- _Instructions to follow_
The required output is the exact run of lines from the one bearing "LG Electronics LFD850" through the final line of the listing below, with the pictures removed.

- _The data_
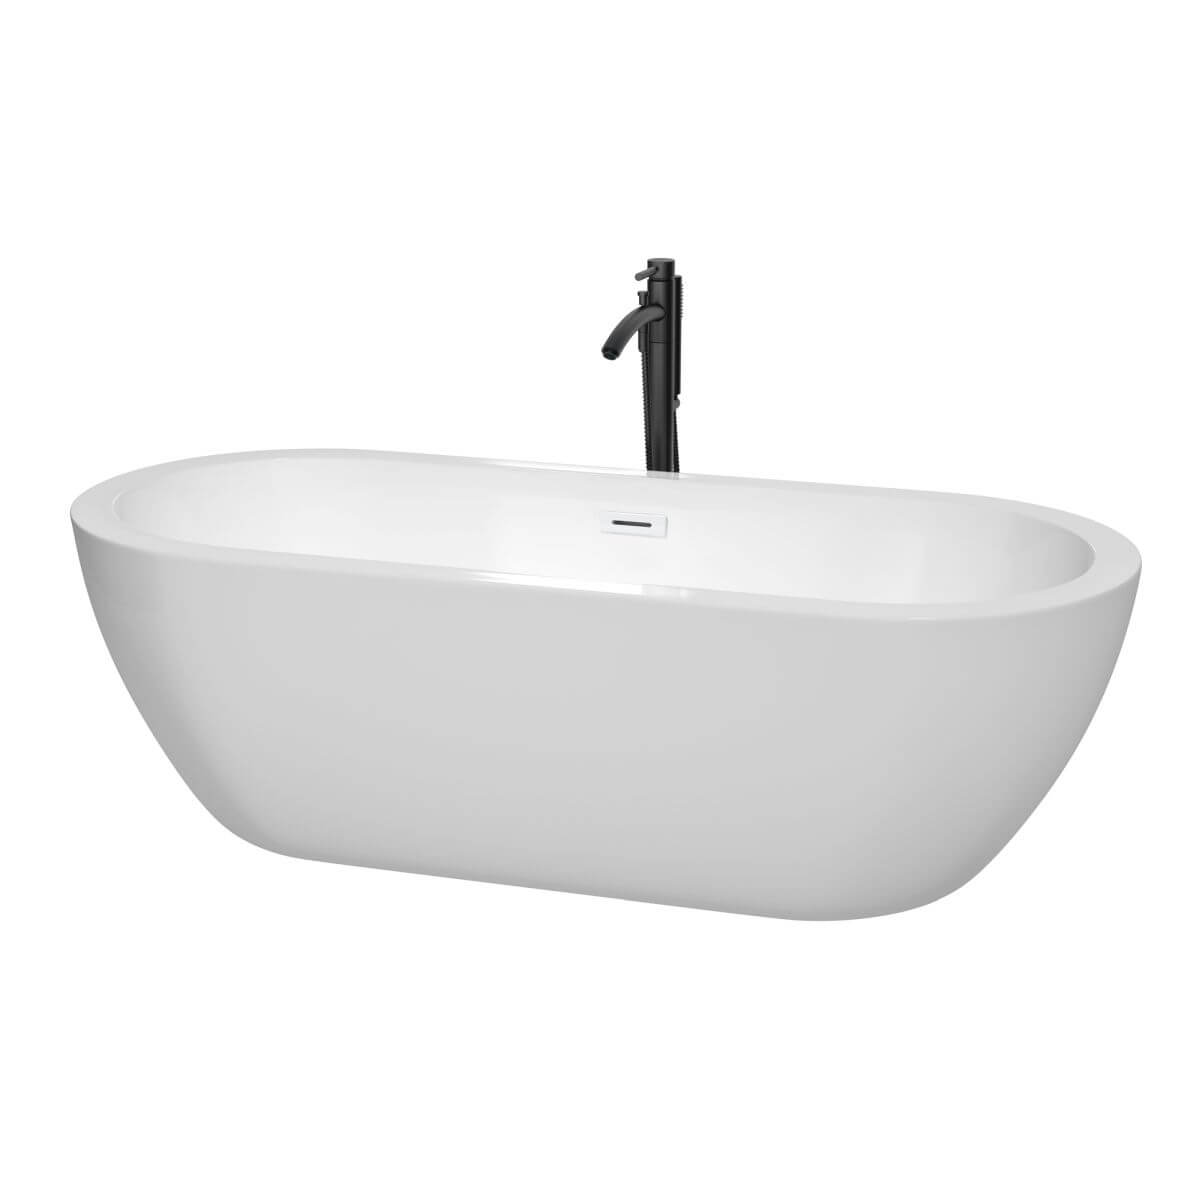 Wyndham Collection Soho 72 inch Freestanding Bathtub in White with Shiny White Trim and Floor Mounted Faucet in Matte Black - WCOBT100272SWATPBK
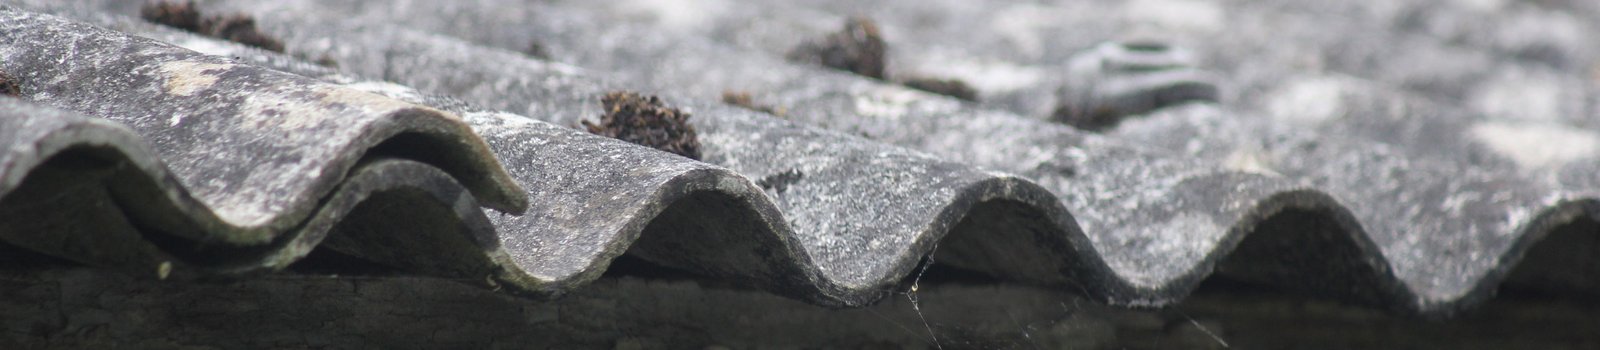 Asbestos cement roof profile Courtesy of M4 Property Solutions.jpg
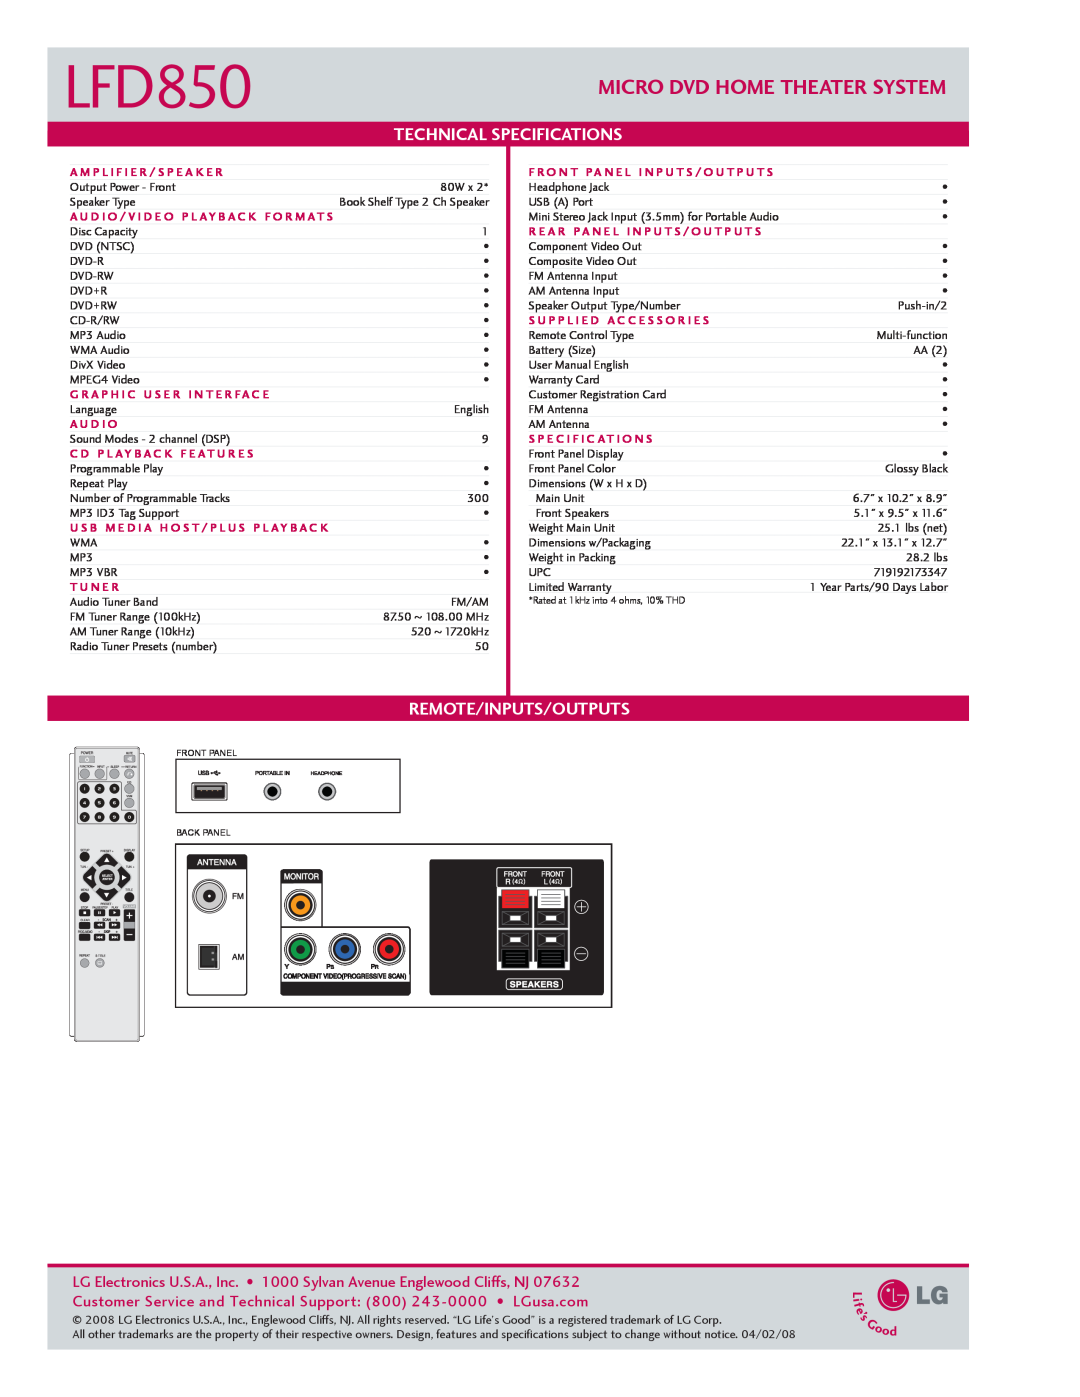 LG Electronics LFD850 manual Micro DVD Home Theater System, Technical Specifications, Remote/Inputs/Outputs 
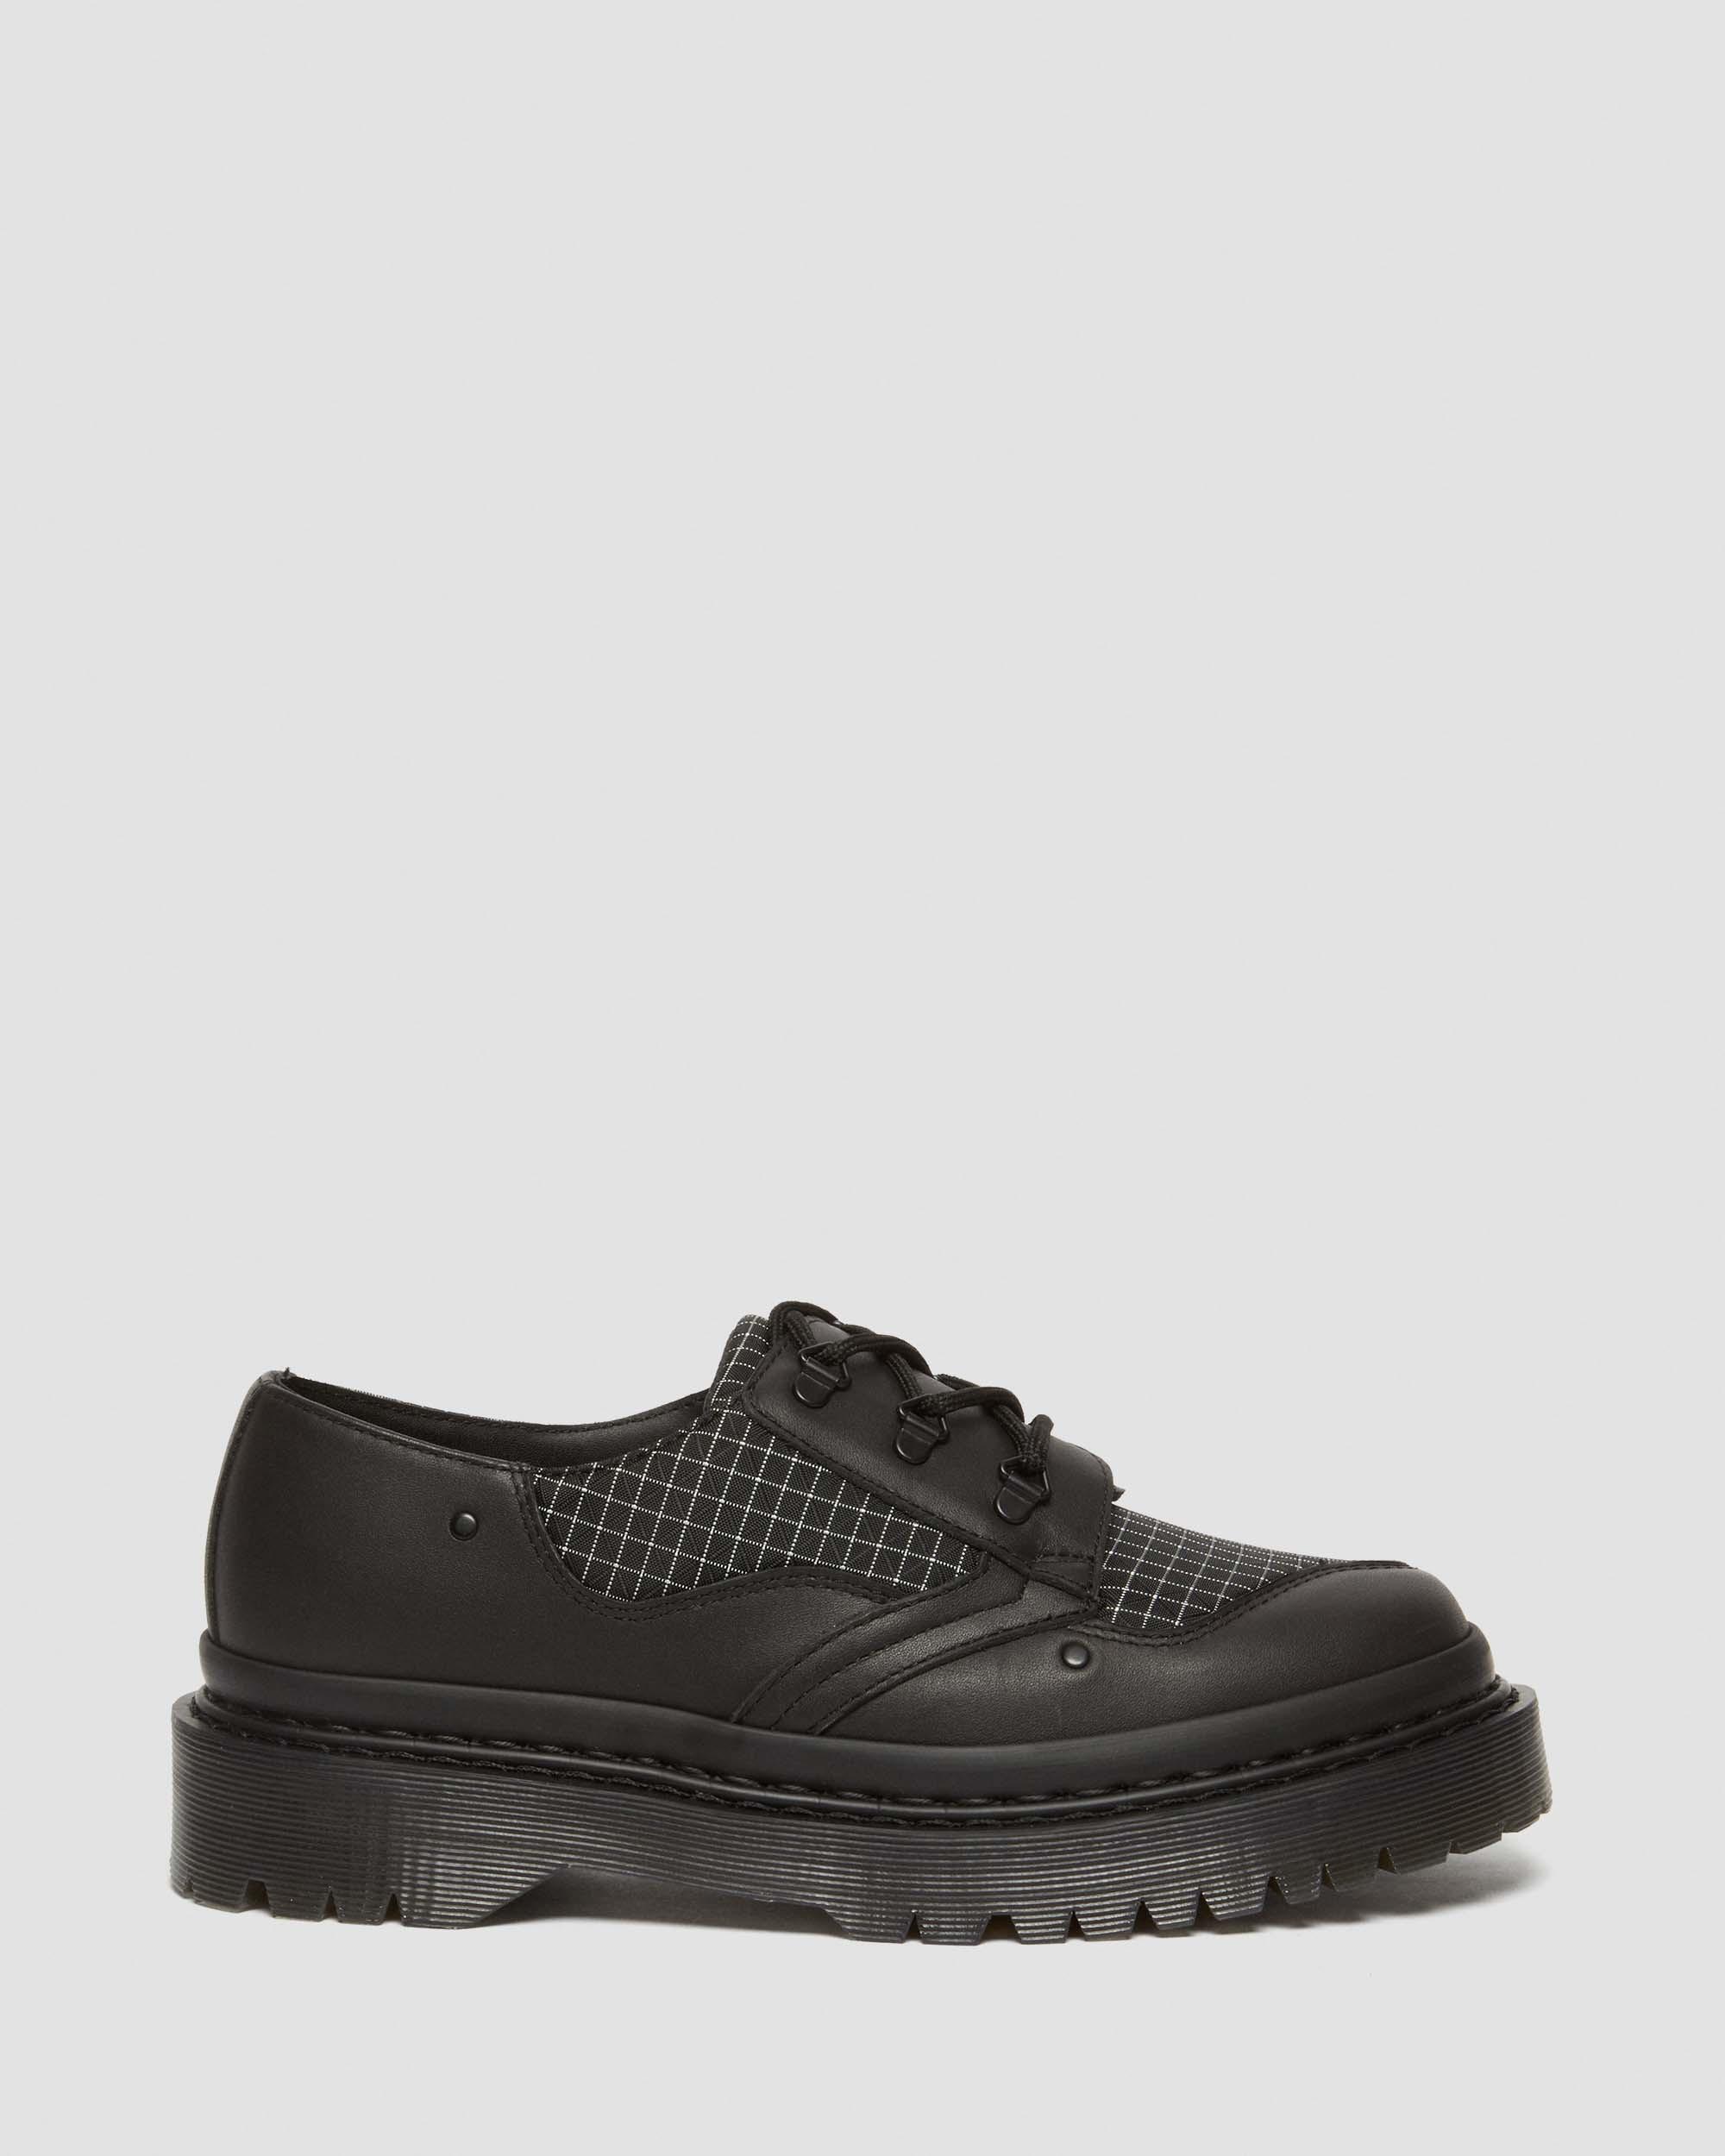 1461 Bex Ripstop Grid Oxford Shoes in Black+Black+White

- _Reply to the exercise_
 LG Electronics LFD850 manual Micro DVD Home Theater System, Technical Specifications, Remote/Inputs/Outputs 
 1461 Bex Ripstop Grid Oxford Shoes in Black+Black+White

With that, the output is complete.